Artists have long enjoyed taking the rise out of scientists; think of Jerry Lewis in The Nutty Professor. But rarely can they have gone to such lengths as the three absurdist improvisers demonstrating Modern Problems in Science. Armed with only tweedy jackets, a pipe, a blackboard and some scientific jargon, they take schoolboyish pleasure in sending up teacher.
Dick Costolo, Phil Granchi and Rich Fulcher are from Chicago, always touted as the home of improv. They say they dreamt up the show "to finally have some fun with the mountains of useless information we all learnt in school". On Wednesday night they certainly had fun. They revealed that last week in Australia they bore out the contention that "beer is God" - "this wasn't difficult to prove". They then spent the next 45 minutes of the show using chalk, talk and rocket science to verify the proposition from the audience that "Michael Jackson invented Teflon".
They ranged pell-mell over such diverse topics as the mysteries of time travel, Ancient Egypt and Arid Extra Dry.

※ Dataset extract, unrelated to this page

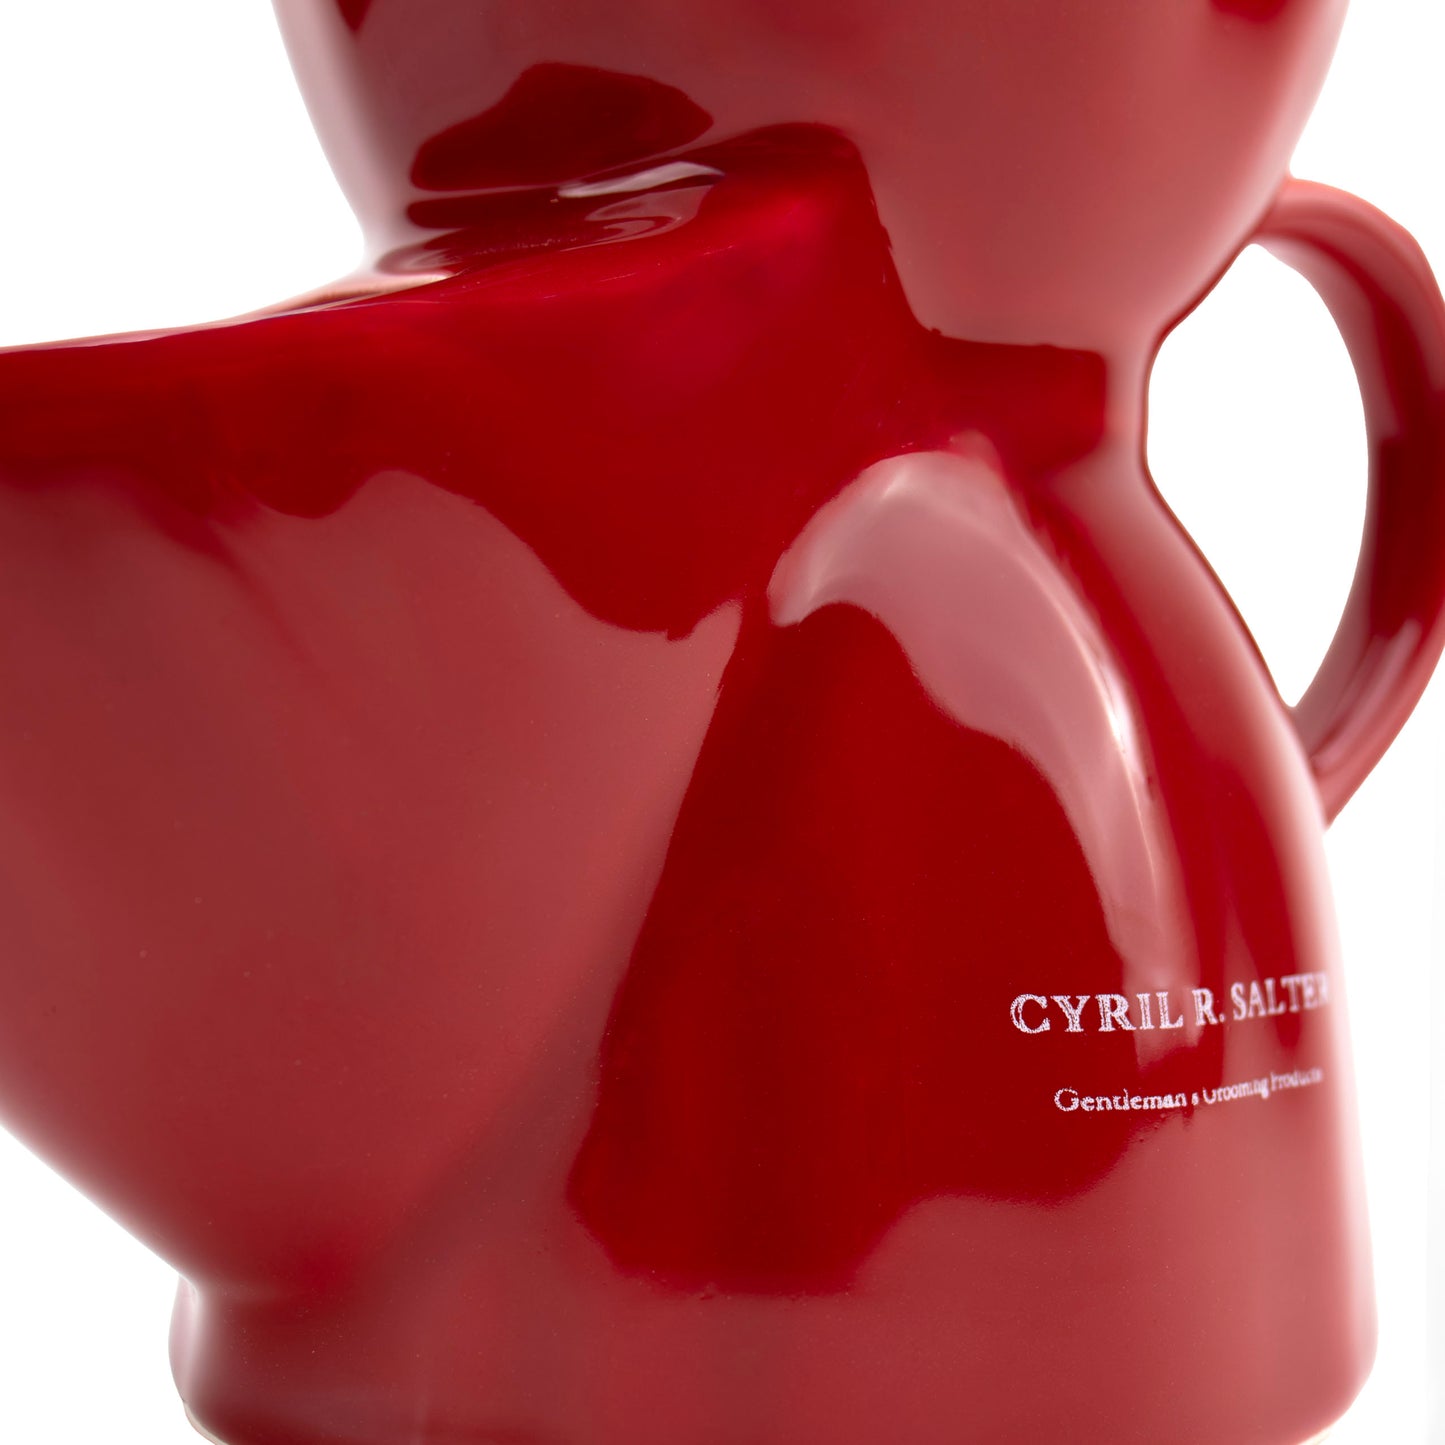 Cyril R. Salter Red Traditional Shaving Scuttle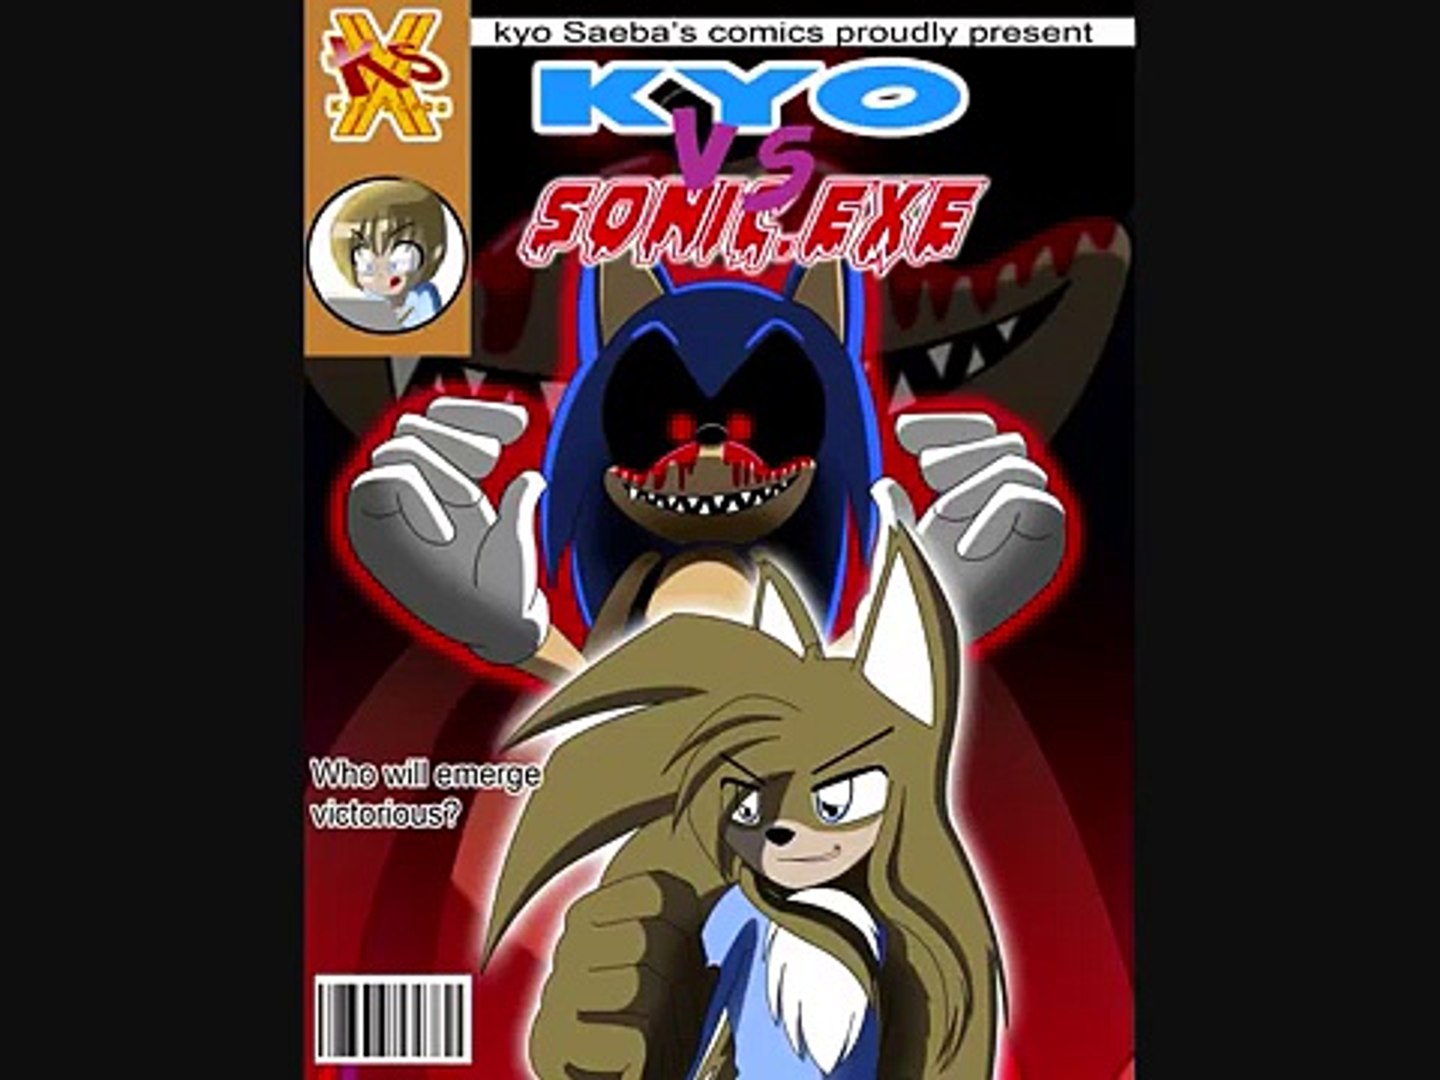 ROUND2.EXE Version 2 - A GOOD ENDING TO THE SONIC.EXE SAGA [Sonic.exe Round  2 Extended Version] – Видео Dailymotion

It is to be hoped that Jacko's lawyers weren't watching when they ended with a not entirely scientific analysis of the singer's legal affairs.
In the second half, they invited more propositions from the audience, who got right into the spirit of things. Fulcher was asked to explain Charles and Diana's split in ornithological terms: "Di is a plover," he began, "and Charles is a..." "Great tit," shouted out a waggish heckler.
It is undoubtedly clever stuff. When Fulcher was asked to reply to the question, "Did Tina Turner invent stamps?", he replied without batting an eyelid, "What have stamps got to do with it?" Costolo, a ringer for another eminent scientist, Dr Greene from ER, made a convincing stab at the role of an eccentric professor of chaos theory: "If the world would just stop expanding," he shrieked, "we could all find our car keys." And how many other stand-ups could casually drop in a gag about Heisenberg's Uncertainty Principle - Fulcher claimed he had seen some graffiti in the loo that read, "Heisenberg might have been here." This is not the sort of line you'd expect to hear on a comedy circuit apparently obsessed with whimsical jokes about Chopper bikes and Thunderbirds.
By its nature, every night is different; but on Wednesday, with so much diffuse and occasionally incomprehensible information coming at me, I found my mind wandering from time to time - much as it used to during double physics at school. There was more to admire than to laugh at.
Staggering out under the influence of random-information overload, I spotted Rory Bremner in the bar and couldn't help yearning for some of his tightly scripted discipline.